Unless otherwise directed by the Board of Directors, the Chairman of the 
Board or the President, together with the Secretary or any Assistant 
Secretary shall have power to vote and otherwise act on behalf of the 
Corporation, in person or by proxy, at any meeting of security holders of or 
with respect to any action of security holders of any other corporation in 
which this Corporation may hold securities and otherwise to exercise any and 
all rights and powers which this Corporation may possess by reason of its 
ownership of securities in such other corporation.

     SECTION 5.10.  DELEGATION.  For any reason that the Board of Directors 
may deem sufficient, the Board of Directors may, except where otherwise 
provided by statute, delegate the powers or duties of any officer to any 
other person, and may authorize any officer to delegate specified duties of 
such office to any other person.  Any such delegation or authorization by the 
Board shall be effected from time to time by resolution of the Board of 
Directors.

                                      Article 6
                                    CAPITAL STOCK

     SECTION 6.1.   CERTIFICATES OF STOCK.  The certificates for shares of 
the capital stock of the Corporation shall be in such form, not inconsistent 
with that required by law and the Articles of Incorporation of the 
Corporation, as shall be approved by the Board of Directors.  Every holder of 
stock represented by certificates shall be entitled to have a certificate 
signed by or in the name of the Corporation by the Chairman of the Board, the 
President or a Vice President and the Secretary or an Assistant Secretary or 
the Treasurer or an Assistant Treasurer of the Corporation representing the 
number of shares (and, if the stock of the Corporation shall be divided into 
classes or series, certifying the class and series of such shares) owned by 
such shareholder which are registered in certified form;  provided, however, 
that any of or all the signatures on the certificate may be facsimile.  The 
stock record books and the blank stock certificate books shall be kept by the 
Secretary or at the office of such transfer agent or transfer agents as the 
Board of Directors may from 

                                       -12-

<PAGE>

time to time determine.  In case any officer, transfer agent or registrar who 
shall have signed or whose facsimile signature or signatures shall have been 
placed upon any such certificate or certificates shall have ceased to be such 
officer, transfer agent or registrar before such certificate is issued by the 
Corporation, such certificate may nevertheless be issued by the Corporation 
with the same effect as if such person were such officer, transfer agent or 
registrar at the date of issue.  The stock certificates shall be 
consecutively numbered and shall be entered in the books of the Corporation 
as they are issued and shall exhibit the holder's name and number of shares.

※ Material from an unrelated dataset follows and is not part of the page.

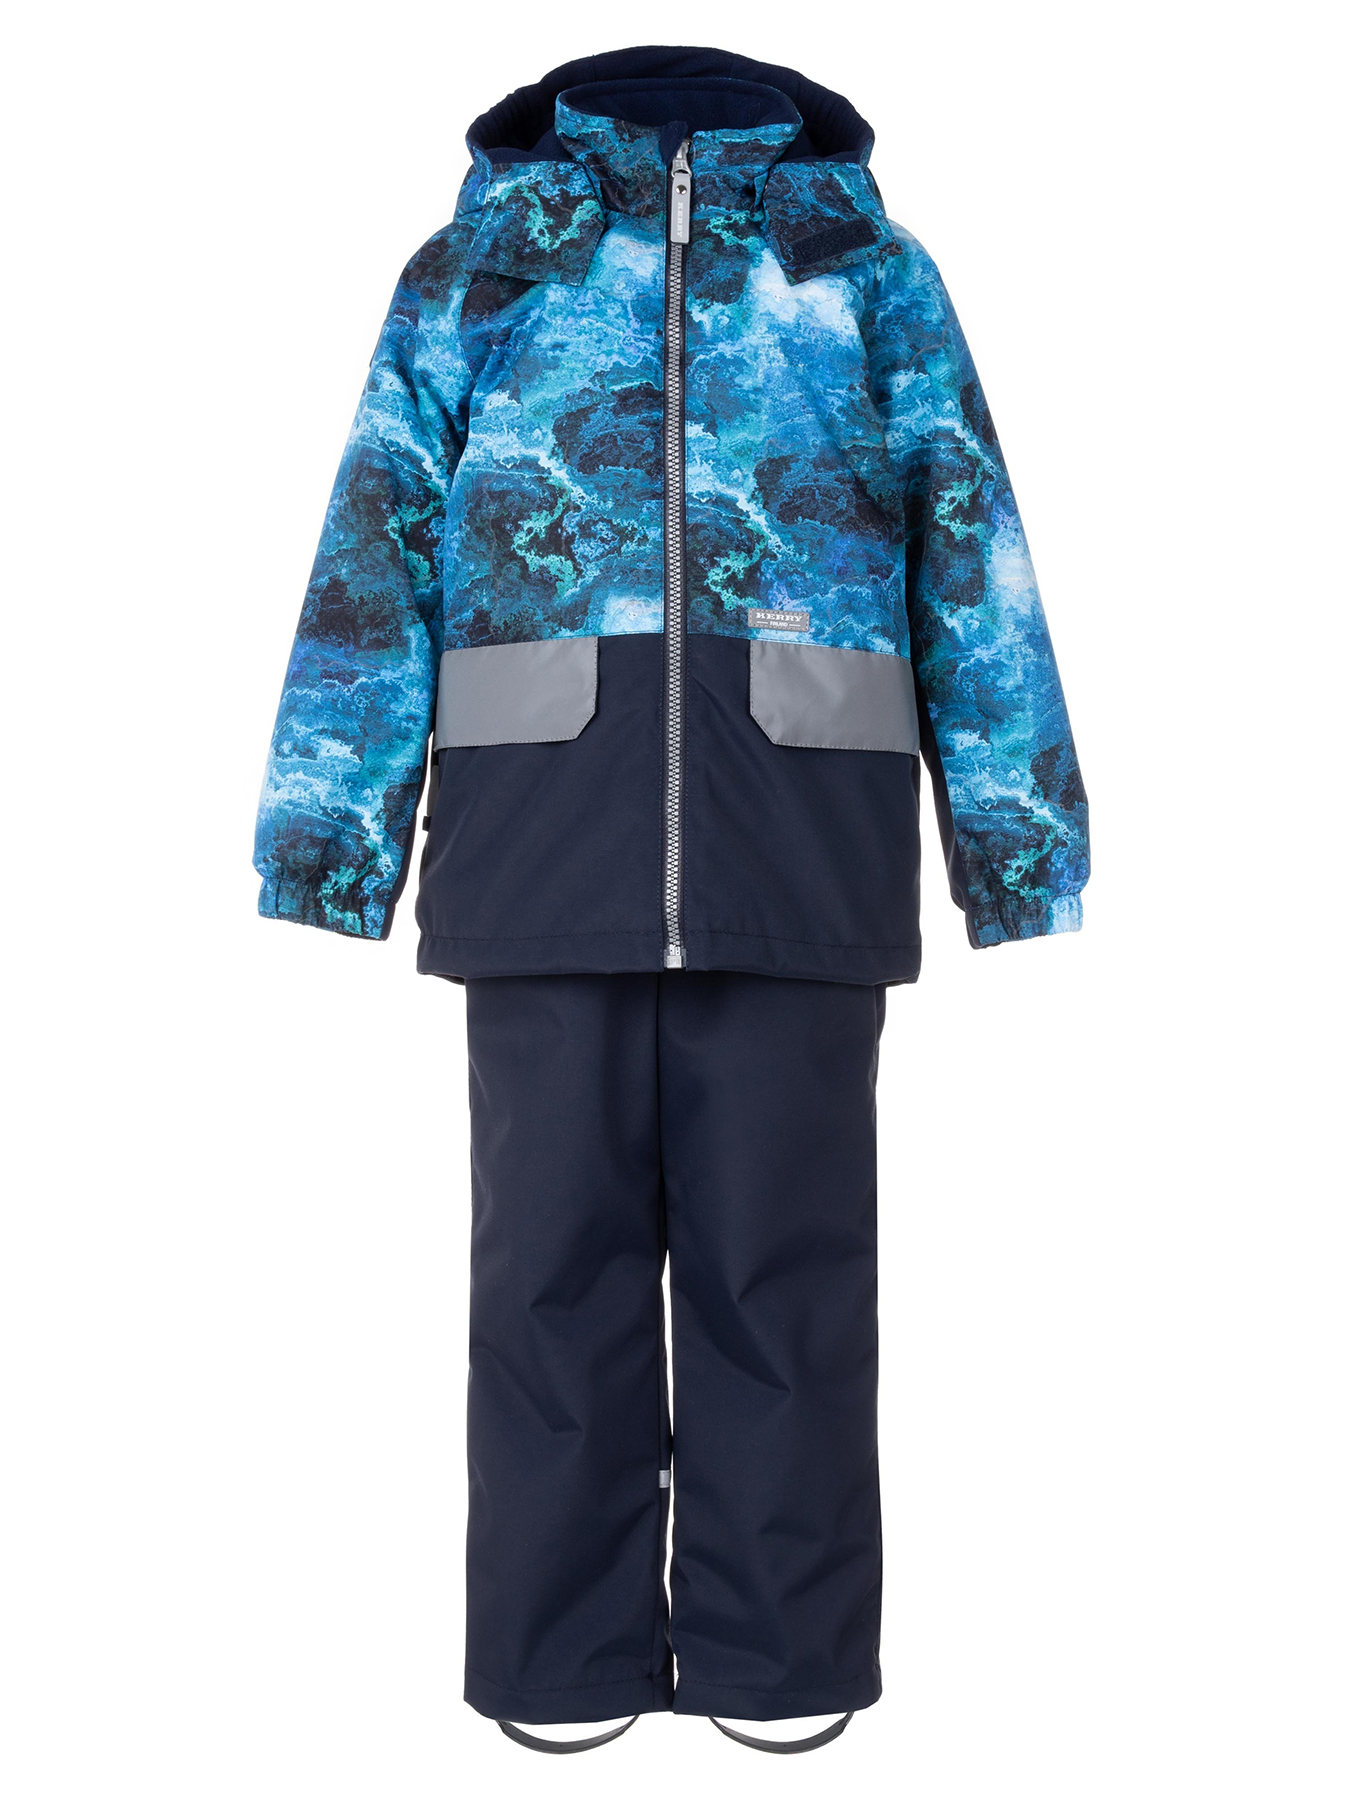 Комплект верхней одежды KERRY TOMI K24030, 6310-синий с рисунком,темно-синий, 134
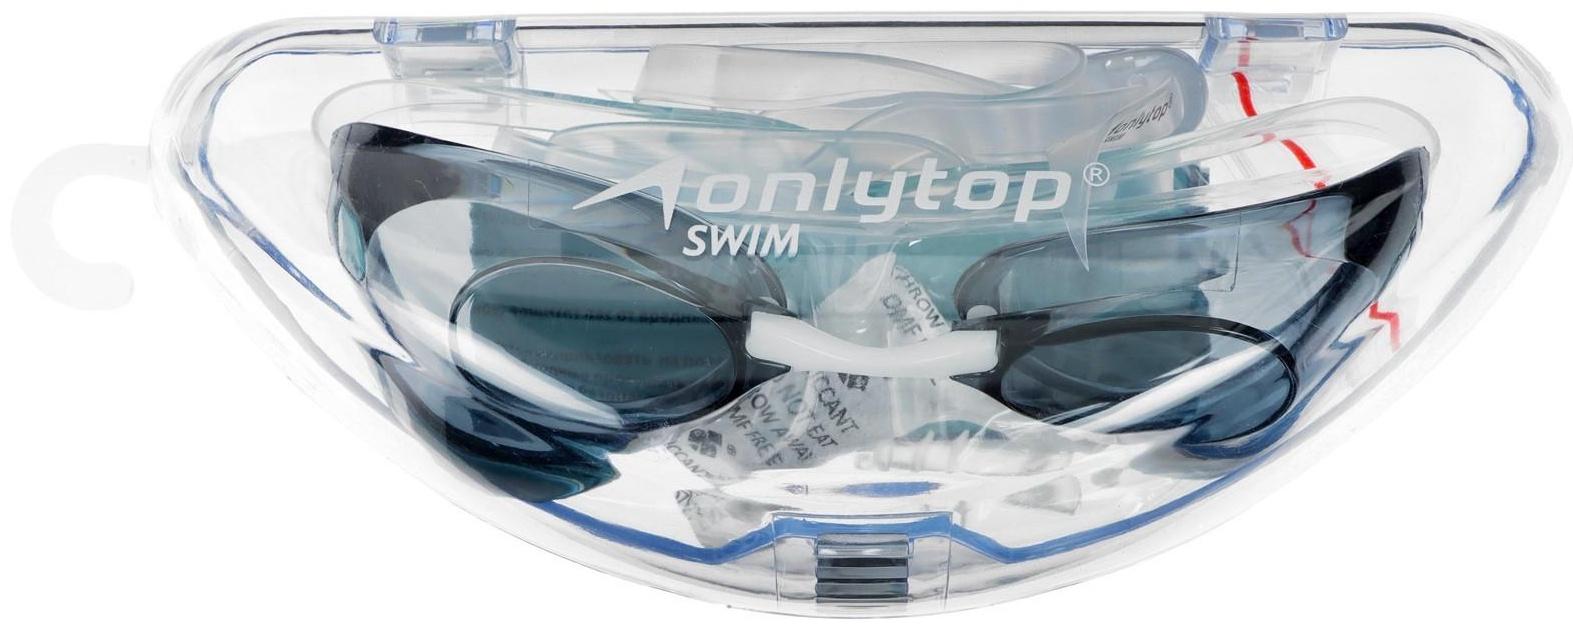 Стартовые очки для плавания + беруши и набор носовых перемычек

     SECTION 6.2.   TRANSFER OF SHARES.  The shares of stock of the 
Corporation shall be transferable only on the books of the Corporation by the 
holders thereof in person or by their duly authorized attorneys or legal 
representatives upon surrender and cancellation of certificates for a like 
number of shares. Upon surrender to the Corporation or a transfer agent of 
the Corporation of a certificate for shares duly endorsed or accompanied by 
proper evidence of succession, assignment or authority to transfer, it shall 
be the duty of the Corporation to issue a new certificate to the person 
entitled thereto, cancel the old certificate and record the transaction upon 
its books.  

     SECTION 6.3.   OWNERSHIP OF SHARES.  The Corporation shall be entitled 
to treat the holder of record of any share or shares of capital stock of the 
Corporation as the holder in fact thereof and, accordingly, shall not be 
bound to recognize any equitable or other claim to or interest in such share 
or shares on the part of any other person, whether or not it shall have 
express or other notice thereof, except as otherwise provided by the laws of 
the State of Texas.

     SECTION 6.4.   REGULATIONS REGARDING CERTIFICATES.  The Board of 
Directors shall have the power and authority to make all such rules and 
regulations as they may deem expedient concerning the issue, transfer and 
registration or the replacement of certificates for shares of capital stock 
of the Corporation.

     SECTION 6.5.   LOST OR DESTROYED CERTIFICATES.  The Board of Directors 
may determine the conditions upon which the Corporation may issue a new 
certificate of stock in place of a certificate theretofore issued by it which 
is alleged to have been lost, stolen or destroyed and may require the owner 
of such certificate or such owner's legal representative to give bond, with 
surety sufficient to indemnify the Corporation and each transfer agent and 
registrar against any and all losses or claims which may arise by reason of 
the alleged loss, theft or destruction of any such certificate or the 
issuance of such new certificate in the place of the one so lost, stolen or 
destroyed.

                                       -13-

<PAGE>

                                      Article 7
                               MISCELLANEOUS PROVISIONS

     SECTION 7.1.   FISCAL YEAR.  The fiscal year of the Corporation shall 
begin on the first day of January of each year.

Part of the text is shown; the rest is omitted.